Effectively subtracts a vector from a matrix (Scipy)

I have a large matrix, which is stored as scipy.sparse.csc_matrix and subtracts the column vector from each column of the large matrix. This is a fairly common task when you do things like normalization / standardization, but I cannot find the right way to do this effectively.

Here is an example demonstrating:

# mat is a 3x3 matrix mat = scipy.sparse.csc_matrix([[1, 2, 3], [2, 3, 4], [3, 4, 5]]) #vec is a 3x1 matrix (or a column vector) vec = scipy.sparse.csc_matrix([1,2,3]).T """ I want to subtract `vec` from each of the columns in `mat` yielding... [[0, 1, 2], [0, 1, 2], [0, 1, 2]] """ 
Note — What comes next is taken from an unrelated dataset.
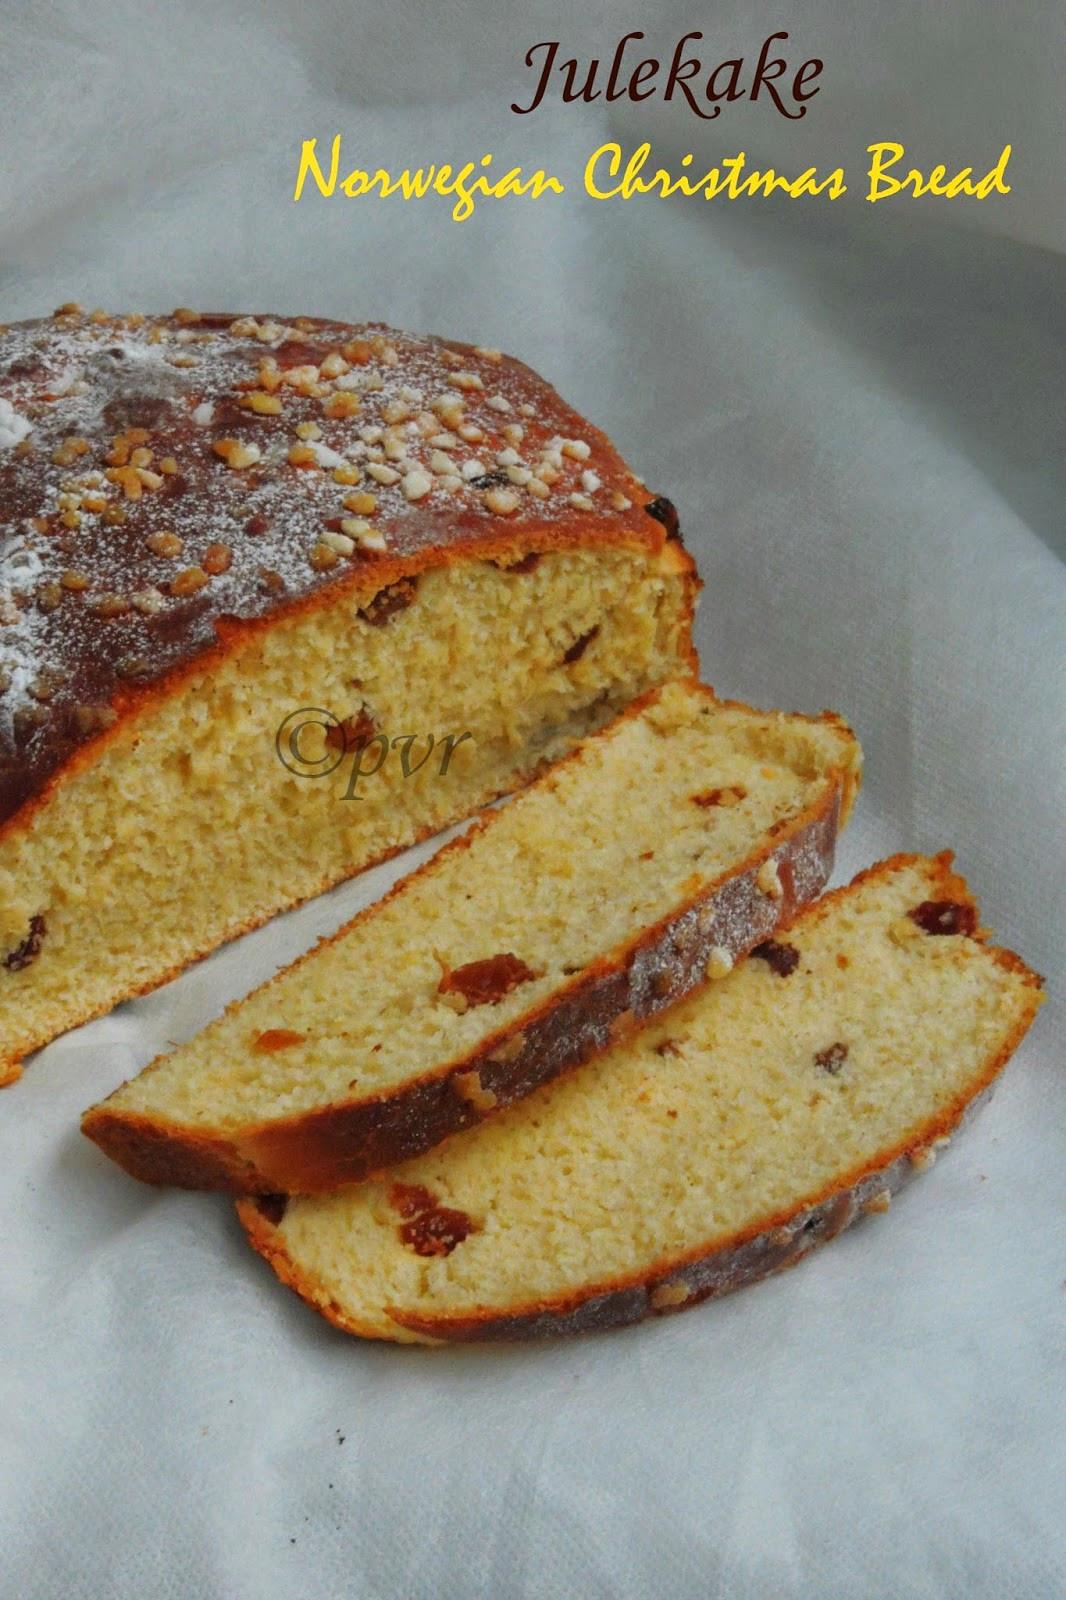 Julekake Norwegian Christmas Bread Recipe  Julekake A Norwegian Christmas Bread Indian Simmer

One way to accomplish what I want is to hstack vec for myself 3 times, which gives a 3x3 matrix, where each column is vec , and then subtracts from mat . But then again, I'm looking for a way to do this efficiently, and the hstacked matrix takes a long time to create. I'm sure there is a magical way to do this with slicing and streaming, but this eludes me.

Thanks!

EDIT: Removed the 'in-place' constraint, as the sparseness structure will constantly change in the location assignment scenario.

+6
source share
3 answers

For starters, what would we do with dense arrays?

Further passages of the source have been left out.